End of last year I realized that I will not succeed with my investment strategy (note the absence of “dividend”), because I had none. I was more or less on a constant search to push the yield and finding speculative investments. When I started with the idea to join the dividend trail I said to me: no speculative stock investing where I end up watching the stock chart all day. I ended up watching the stock charts. Everyday.
Not only this but also the increased use of margin: I always found an excuse for myself to raise the usage. “I can’ let this opportunity pass – I simply have to buy this or that NOW…”
It felt like treading on a conveyor belt. On one side I wanted to decrease the margin on the other I wanted to buy new stocks with my fresh deposited money. So I ended up with a constant use of margin. Needless to say my vast exposure to oil drilling companies and the continued slump of it wasn’t something I needed to improve the psychological situation.
In the end I sold most of my holdings and ended up sitting in cash. Everyone was talking about the big crash which is coming right now. The perfect opportunity to end the margin misery and wait for the big crash. To bridge the waiting time, I bought some gold miners in January and sold them (but way to early). I also fiddled in some extreme speculative investment instruments and lost more money than I made with it – all the time waiting for the crash. The crash didn’t come. But of course tomorrow he will!
I realized I need to reassess my investment “strategy” – especially the ratio time/reward. Which was extreme low and only made my broker rich.
So back to the drawing board.

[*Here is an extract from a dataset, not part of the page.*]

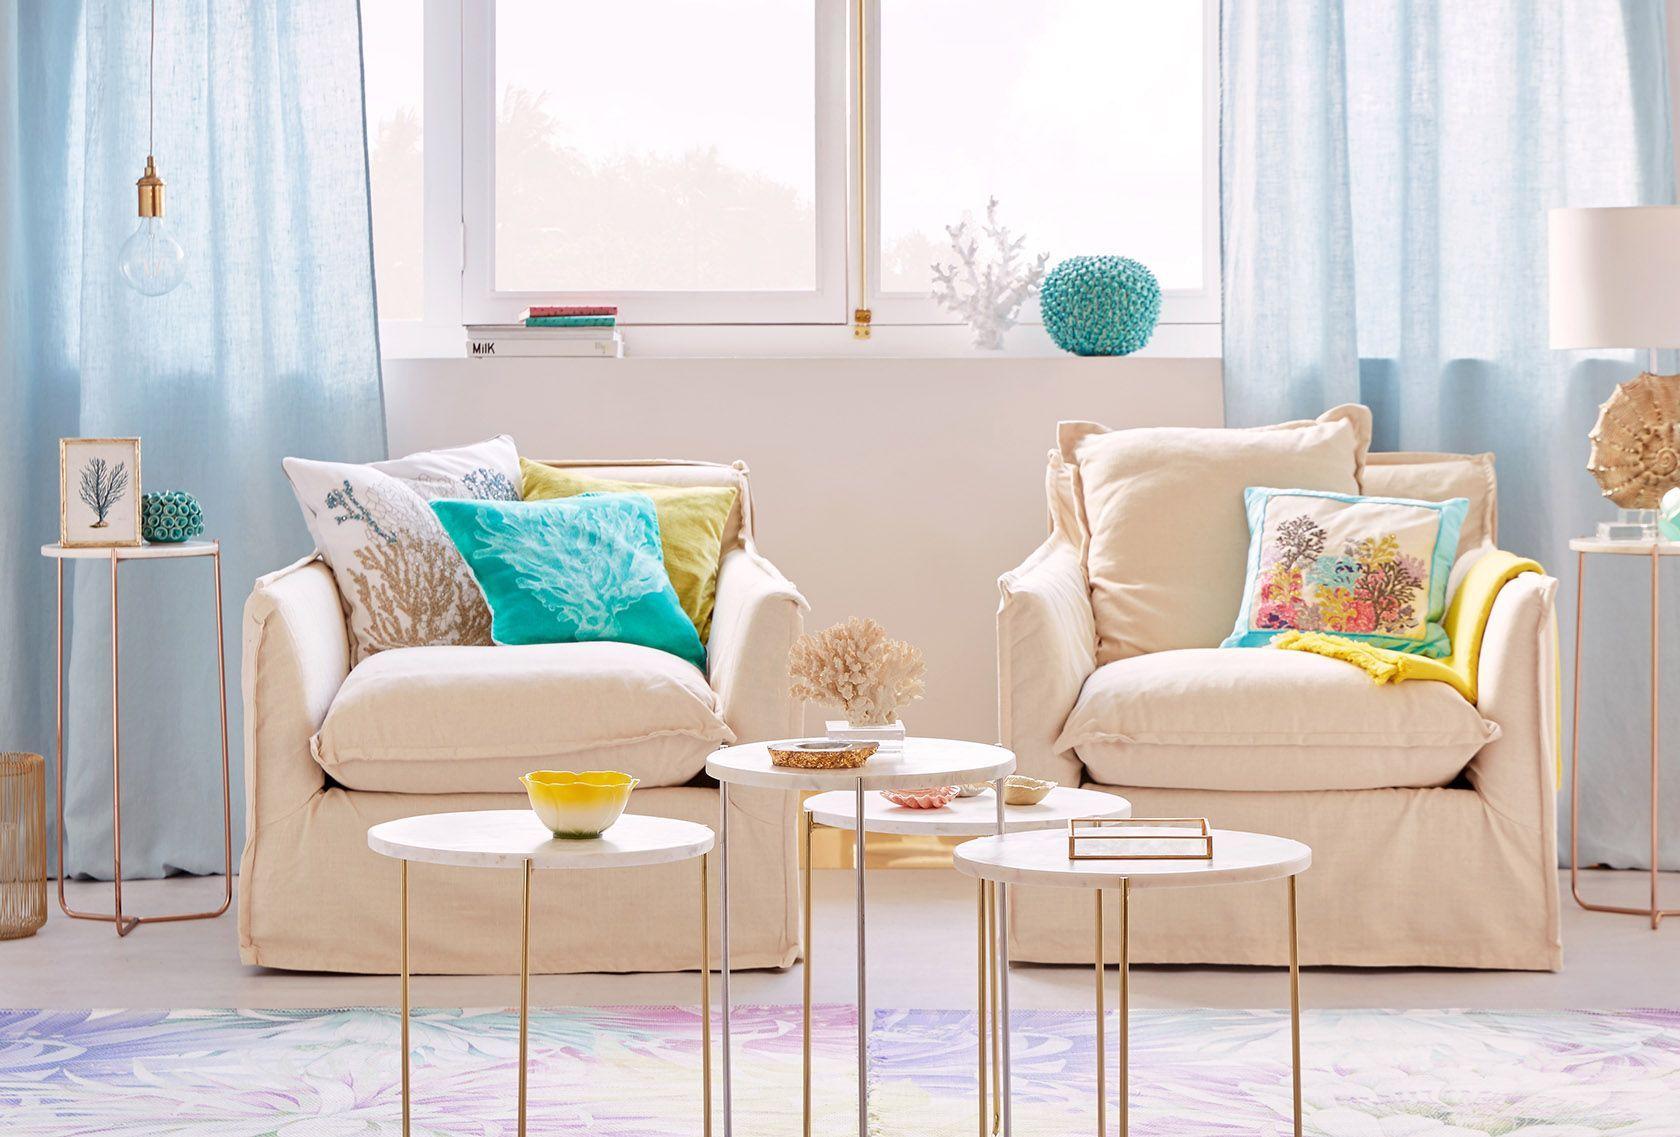 La nuova collezione Zara Home!

What do I want?
1) I want a strategy to build up a portfolio with a rising income stream.
2) I want to speculate because deep down in my heart I’m a soldier of (mis)fortune.
These two points exclude them selves. So I have to separate them from each other. I now hold a portfolio of several speculative investments – which is always there to be liquidated. This portfolio will be restricted in total value.
And I have my dividend portfolio which will not be touched or when then by good reason (overvaluation, business deterioration). The use of margin will only be justified for speculative investments which are short term in nature. I’m not sure if I should include writing about my speculative positions, what do you think? I consider them as gambling and don’t think this should be included here.
Maybe this doesn’t sound like news for you. But for me it is. Over the last year I learned a lot about myself. How does it feel when a position is going to -90%? How does it feel when the margin is already in use and the market keeps going down and you can’t buy anything, because this is only the beginning of the big crash? How does it feel to sell positions which then starts or keeps rising big in value? I think I made many of all possible mistakes (buying high selling low, chasing yield and trying to catch a falling knife etc.).
It was quite an experience, but I’m also tired of it. The learning process will never end, but I will avoid to repeat my mistakes. And I’m thankful for all my endeavors and mistakes. Considering that I’ve started investing just two years ago, it’s fine for me.
So what’s the new agenda for my dividend portfolio going forward?
1.) Growing EPS
2.) Low long term debt
3.) Low dividend payout ratio
4.) Buy only below historical average valuation (fair value)
And just to show the execution of the new plan:
my last buys where Gilead Sciences (GILD) and Novo Nordisk (NVO).
GILD doesn’t exactly correspond to (1) but the absurd low valuation and low payout ratio will make this an auto-buy for me.
NVO recent slide into fair valuation was another trigger for me. Diminished growth prospects, but an excellent business. Both companies have nearly no long term debt.
I will continues to add, if their valuation keeps below the historical average.
There are many very interesting health care related companies which are coming down to fair valuation:
ABBV, AMGN, CAH, CVS, MCK, …
TROW looks also very interesting!
So I will keep working hard to earn more money and try to save all of it.